### Data excerpt
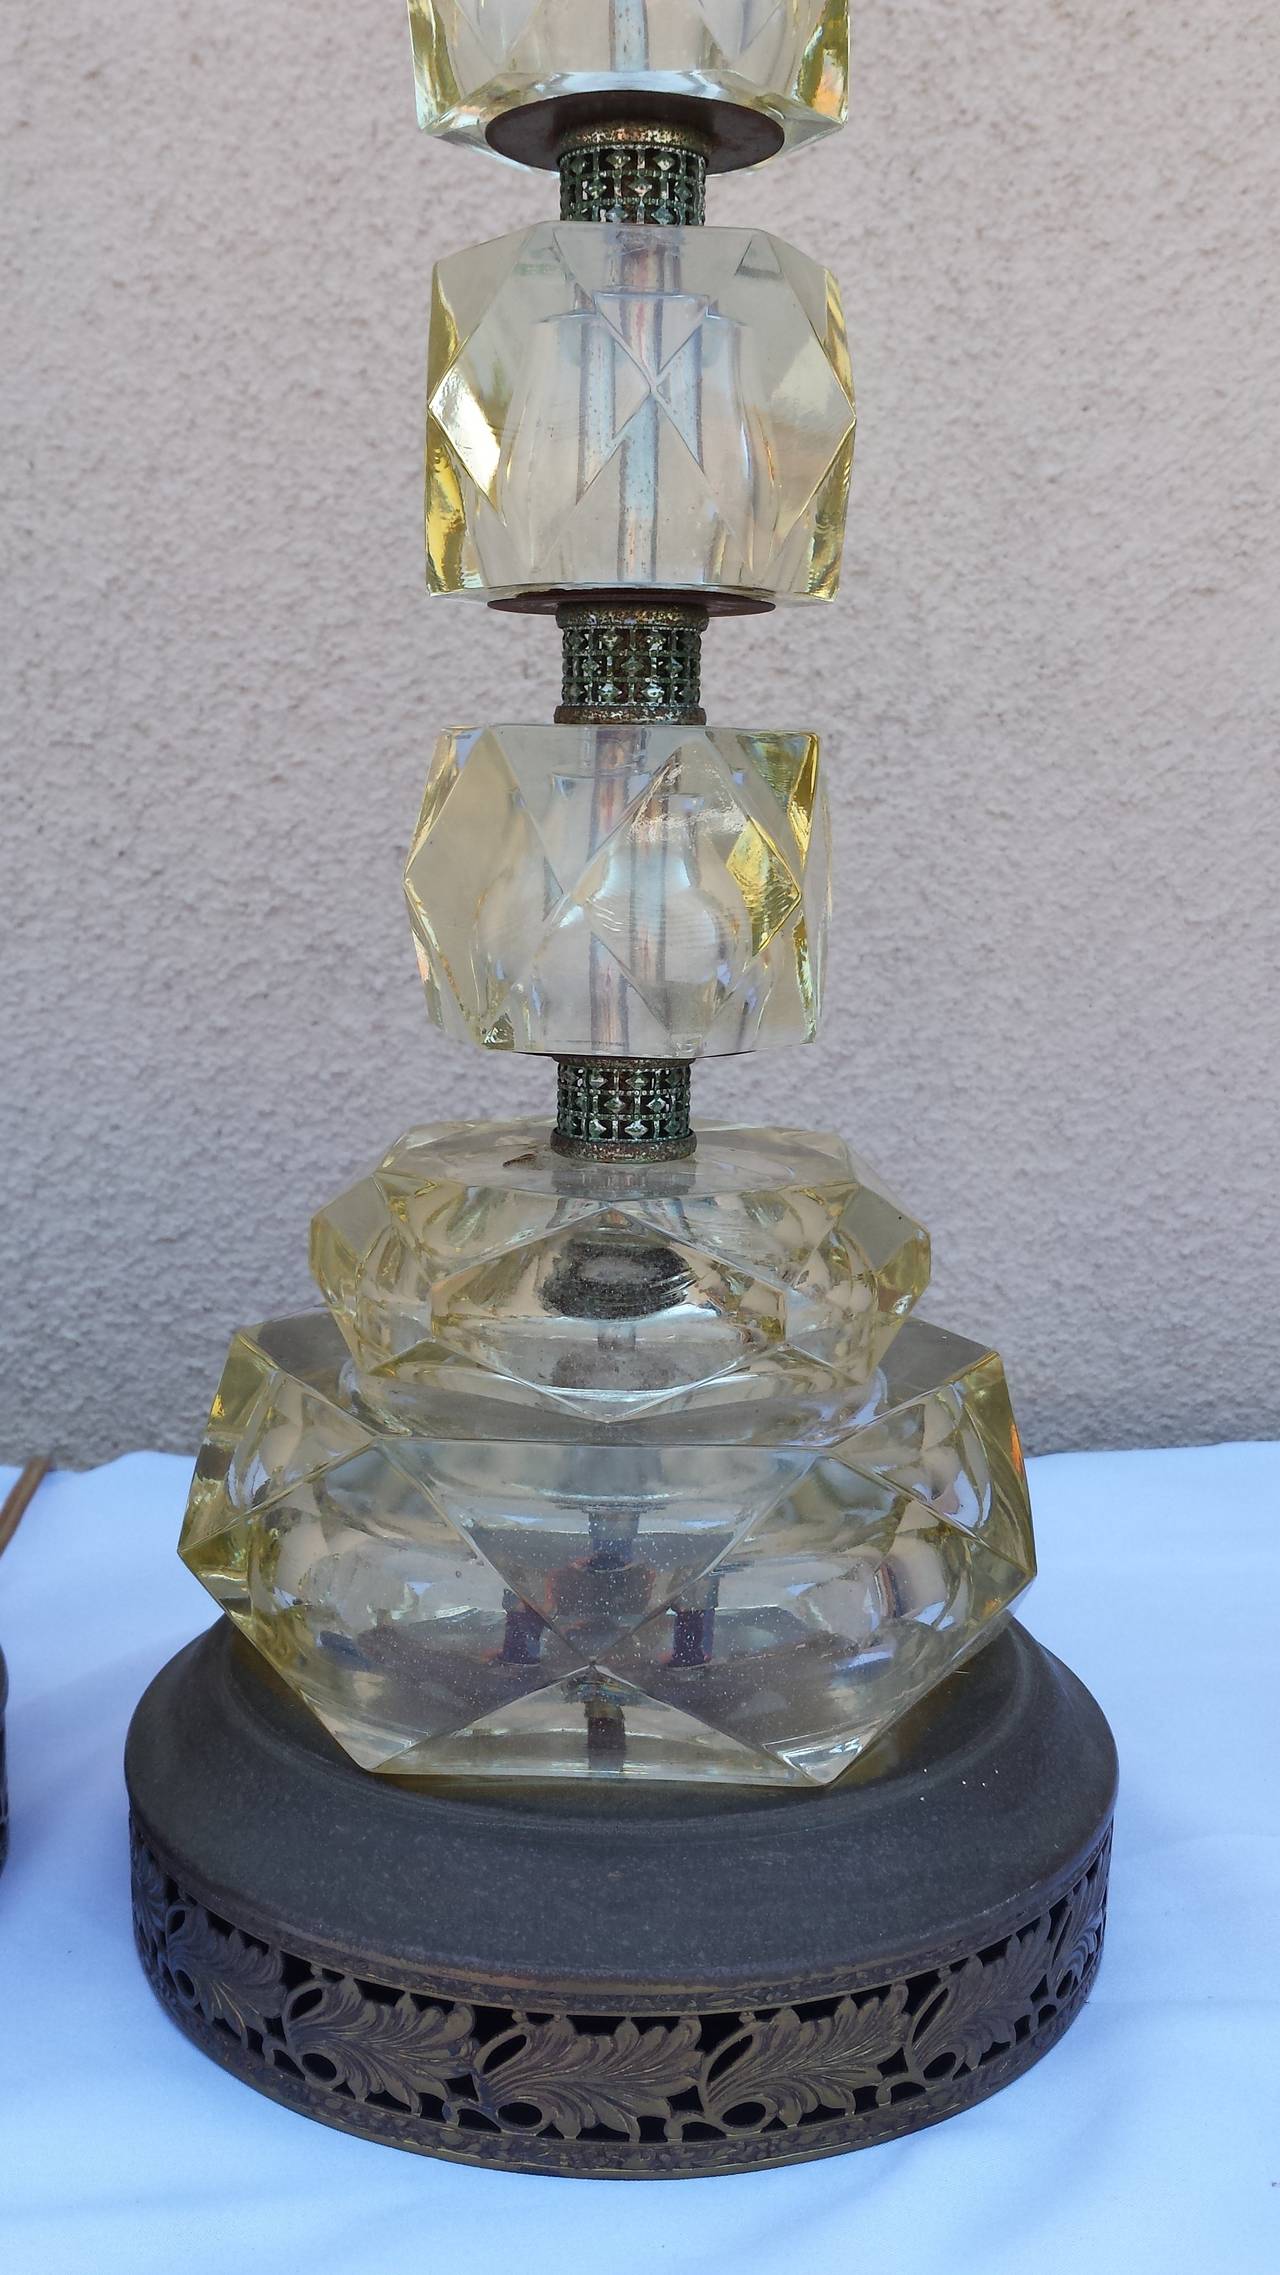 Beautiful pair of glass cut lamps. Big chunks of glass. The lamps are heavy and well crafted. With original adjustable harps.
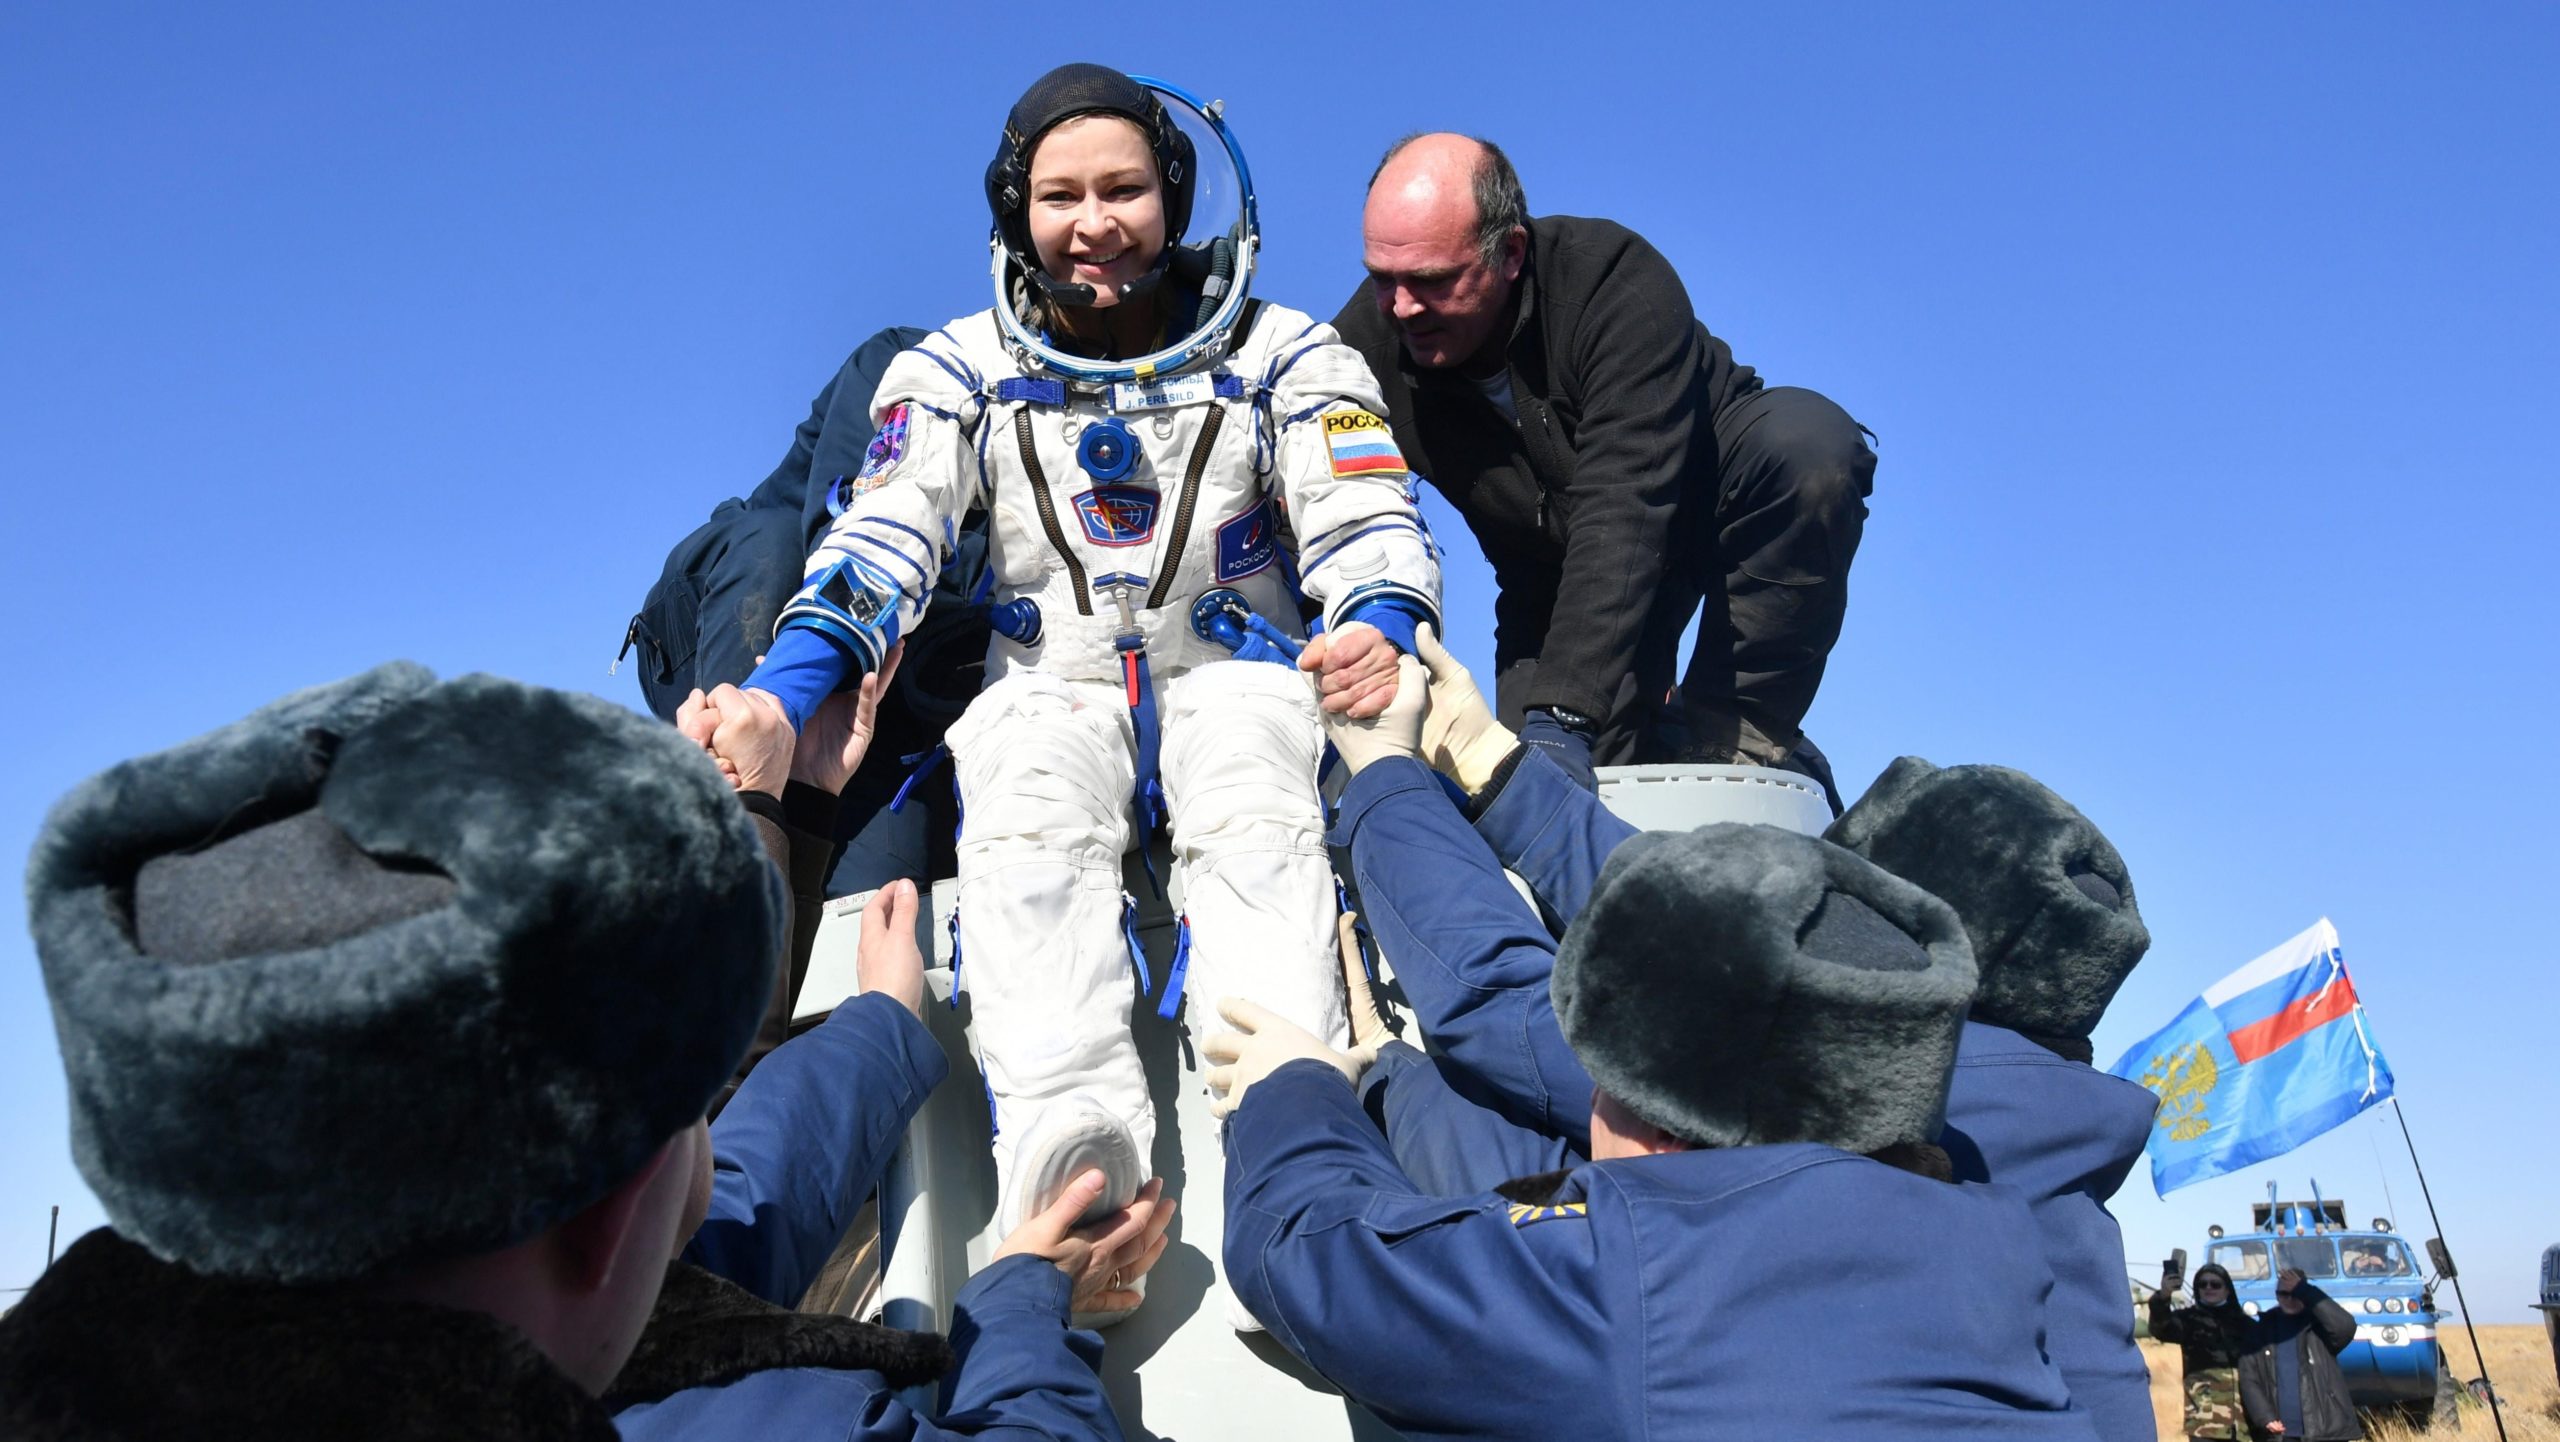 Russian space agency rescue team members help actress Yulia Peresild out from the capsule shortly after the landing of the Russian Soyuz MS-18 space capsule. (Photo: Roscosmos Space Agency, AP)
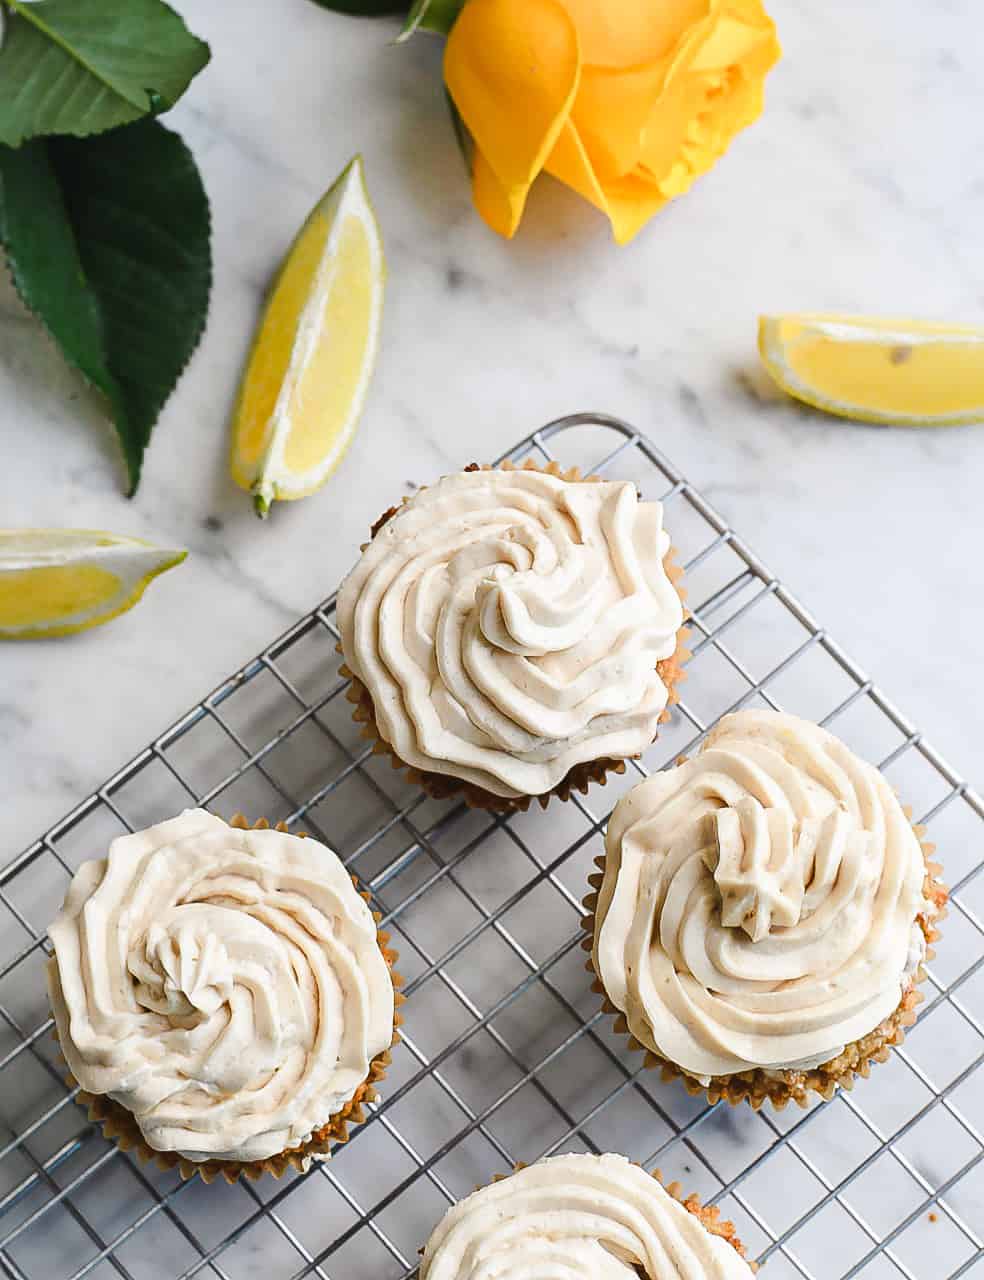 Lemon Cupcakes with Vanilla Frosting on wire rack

### Your objective
Omit the pictures, and quote the material above exactly as given.

### Solution
 Beautiful pair of glass cut lamps. Big chunks of glass. The lamps are heavy and well crafted. With original adjustable harps.
 Russian space agency rescue team members help actress Yulia Peresild out from the capsule shortly after the landing of the Russian Soyuz MS-18 space capsule. (Photo: Roscosmos Space Agency, AP)
 Lemon Cupcakes with Vanilla Frosting on wire rack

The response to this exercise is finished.